> _Data provided_:
━━━━━━━━━━
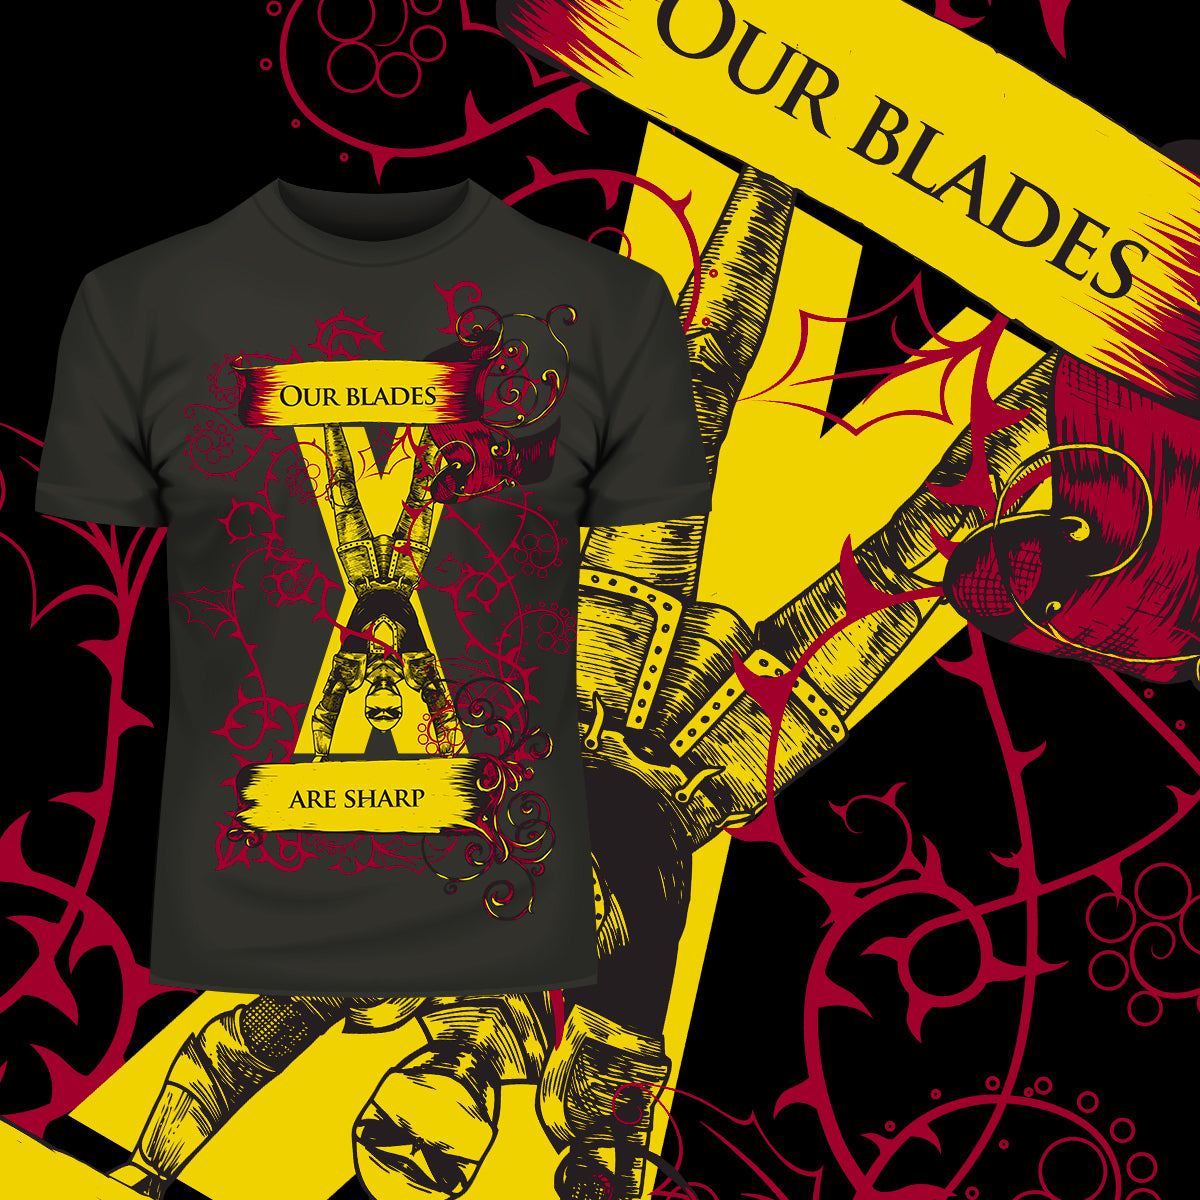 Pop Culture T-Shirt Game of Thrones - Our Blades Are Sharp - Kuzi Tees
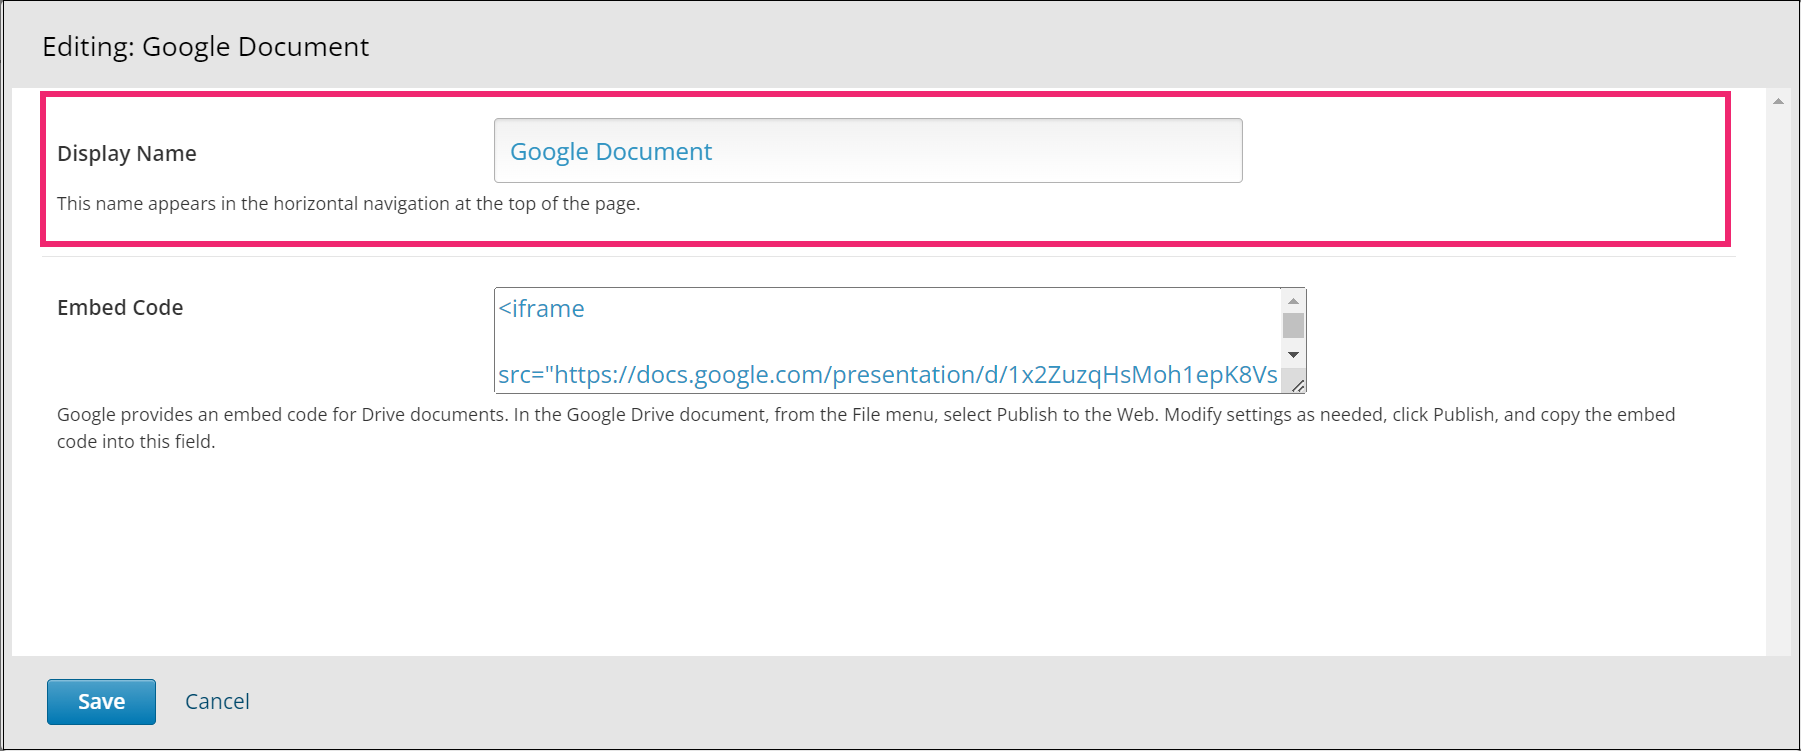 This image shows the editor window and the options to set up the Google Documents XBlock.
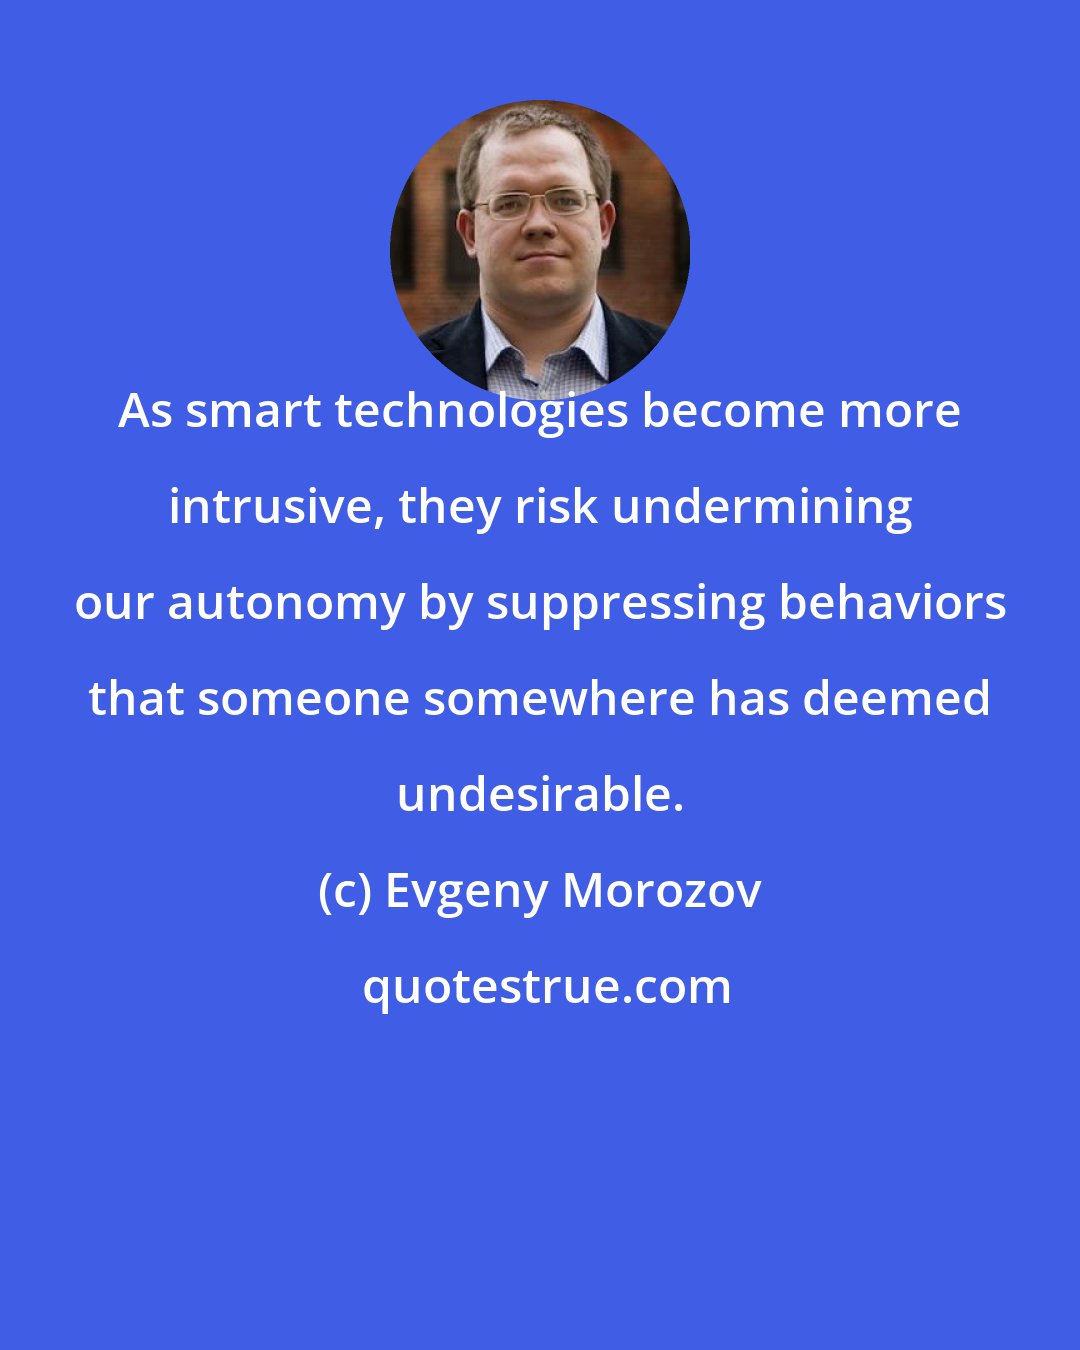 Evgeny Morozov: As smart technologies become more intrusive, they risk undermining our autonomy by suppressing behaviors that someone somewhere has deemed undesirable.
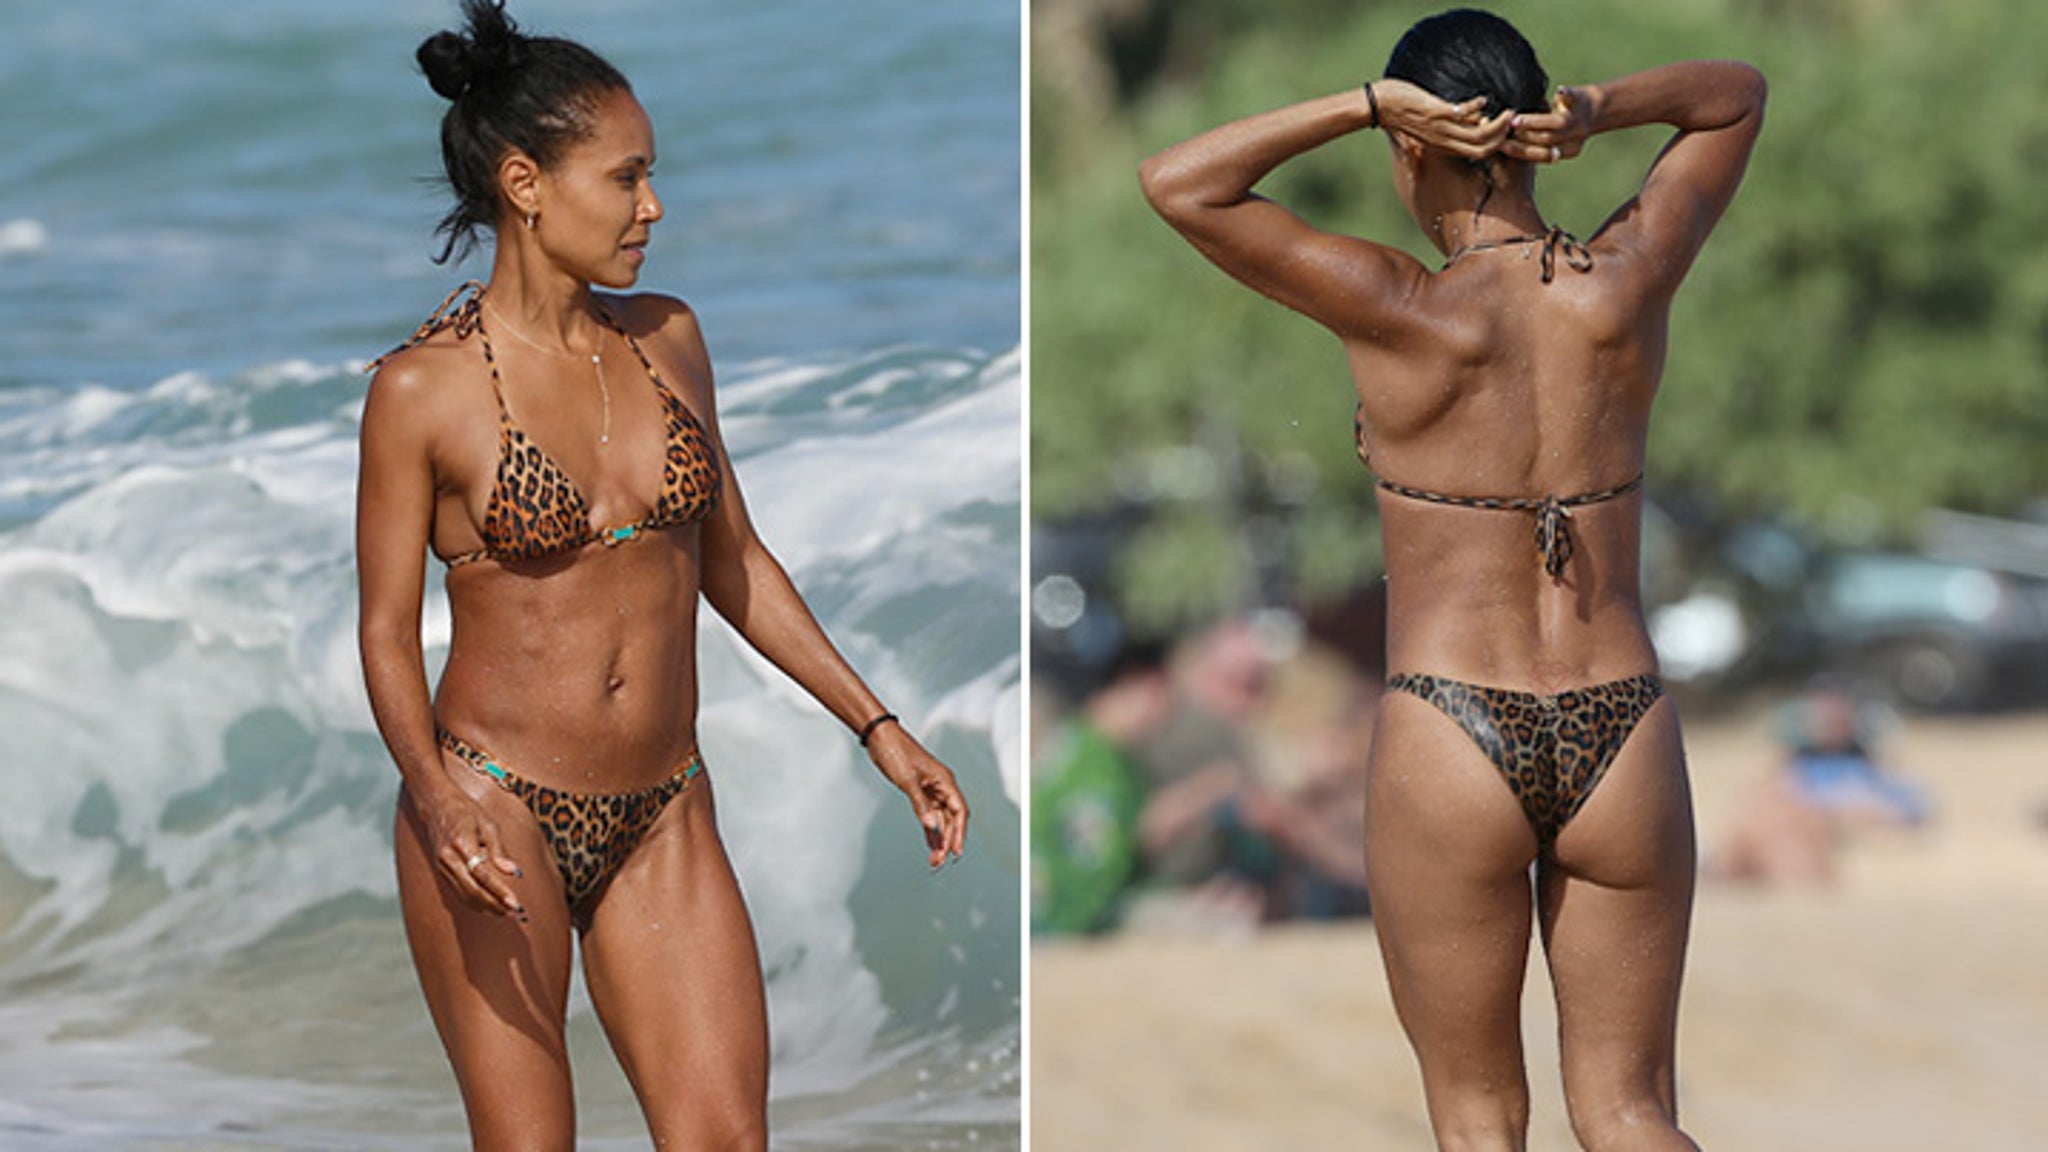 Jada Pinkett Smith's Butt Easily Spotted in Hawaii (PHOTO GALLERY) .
━━━━━━━━━━
Return only the lines from the one that contains "Evgeny Morozov: As" through the closing line of the data, inclusive, reproduced exactly and with every picture left out.

 Evgeny Morozov: As smart technologies become more intrusive, they risk undermining our autonomy by suppressing behaviors that someone somewhere has deemed undesirable.
 Jada Pinkett Smith's Butt Easily Spotted in Hawaii (PHOTO GALLERY) .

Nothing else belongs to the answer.